Когда они возвращались из Кармела в пикапе, кузов которого был заполнен свертками и очень пушистой елкой, Эйнштейн проспал у Норы на коленях половину пути. Он совершенно измотался за этот долгий путь, играя с Джимом и Пукой. Домой они добрались менее чем за час до наступления темноты. Пес бежал впереди них к дому, но неожиданно остановился и внимательно огляделся по сторонам. Он понюхал прохладный воздух, затем двинулся через двор, опустив нос к земле, как будто шел по следу.

Направляясь к задней двери с руками, полными свертков, Нора сначала не заметила ничего необычного в поведении собаки, она только увидела, что Тревис стоит и не отрываясь смотрит на Эйнштейна. Она спросила:

— Что случилось?

Пес пересек двор и подошел к южной границе леса. Он постоял, не шевелясь и вытянув вперед голову, затем встряхнулся и двинулся по периметру леса. Несколько раз он останавливался, замирал и через пару минут снова продолжал свой круговой путь на север.

Когда ретривер вернулся к ним, Тревис спросил:

— Что-нибудь случилось?

Эйнштейн коротко махнул хвостом и пролаял один раз: Да и нет.

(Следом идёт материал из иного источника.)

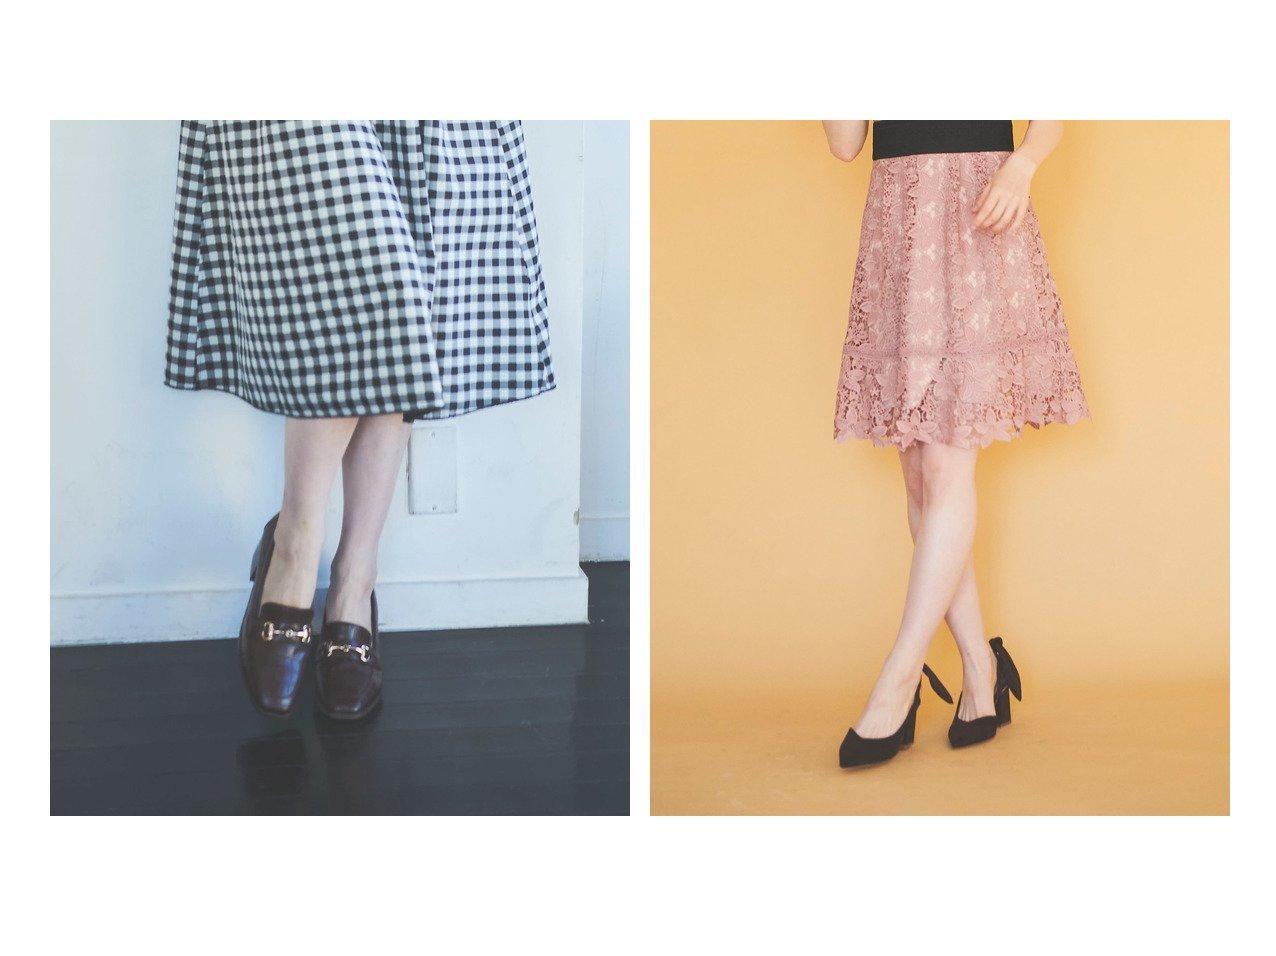 【31 Sons de mode/トランテアン ソン ドゥ モード】のフェイクスエードバックリボンストラップパンプス&フェイククロコビットローファー 31 Sons de modeのおすすめ!人気、トレンド・レディースファッションの通販 おすすめで人気の流行・トレンド、ファッションの通販商品 メンズファッション・キッズファッション・インテリア・家具・レディースファッション・服の通販 founy(ファニー) https://founy.com/ ファッション Fashion レディースファッション WOMEN NEW・新作・新着・新入荷 New Arrivals 2021年 2021 2021 春夏 S/S SS Spring/Summer 2021 S/S 春夏 SS Spring/Summer クロコ シューズ フラット スカーフ スクエア フェイクスウェード リボン |ID:crp329100000020118

Дома в кладовке пес составил послание:

«ЧУВСТВОВАЛ ЧТО-ТО».

— Что? — спросил Тревис.

«НЕ ЗНАЮ».

— Аутсайдера?

«ВОЗМОЖНО».

— Близко?

«НЕ ЗНАЮ».

— К тебе возвращается твое шестое чувство? — спросила Нора.

«НЕ ЗНАЮ. ПРОСТО ПОЧУВСТВОВАЛ».

— Почувствовал что?

После долгого раздумья Эйнштейн сложил ответ:

«БОЛЬШУЮ ТЕМНОТУ».

— Ты почувствовал темноту?

«ДА».

— И что это означает? — обеспокоенно спросила Нора.

«НЕ МОГУ ОБЪЯСНИТЬ ЛУЧШЕ. ПРОСТО ЧУВСТВОВАЛ ЕЕ».

Нора взглянула на Тревиса и прочла тревогу в его глазах, которая, вероятно, стала отражением ее собственного беспокойства.

Где-то рядом была большая темнота, и она приближалась к ним.

3

Рождество прошло очень весело.

Утром, сидя вокруг украшенной огнями елки, они пили молоко с домашним печеньем и рассматривали подарки. Шутки ради Нора сначала подарила Тревису коробочку с нижним бельем, а он вручил ей яркий оранжево-желтый балахон, явно рассчитанный на женщину весом по меньшей мере в триста фунтов, со словами:

— Это тебе на март, когда ты вылезешь из всей своей одежды. К маю, конечно, и он тебе станет мал.

Они также сделали друг другу серьезные подарки: драгоценности, свитера и книги.

Но Нора, как и Тревис, чувствовала: этот день принадлежит прежде всего Эйнштейну. Она подарила ему портрет, над которым работала целый месяц, и ретривер, казалось, был ошеломлен, польщен и очень доволен тем, что она навечно запечатлела его на холсте. Пес также получил три новые видеокассеты с Микки Маусом, пару красивых металлических плошек для воды и еды, на которых было выгравировано его имя, собственный небольшой электронный будильник на батарейках, который он мог таскать за собой по всем комнатам (он выказывал всевозрастающий интерес ко времени), и еще несколько подарков; но его постоянно тянуло к портрету, который они прислонили к стене для обозрения. Позже, когда его повесили в гостиной над камином, Эйнштейн, явно очень довольный и гордый, стоял у очага и, задрав голову, смотрел на картину.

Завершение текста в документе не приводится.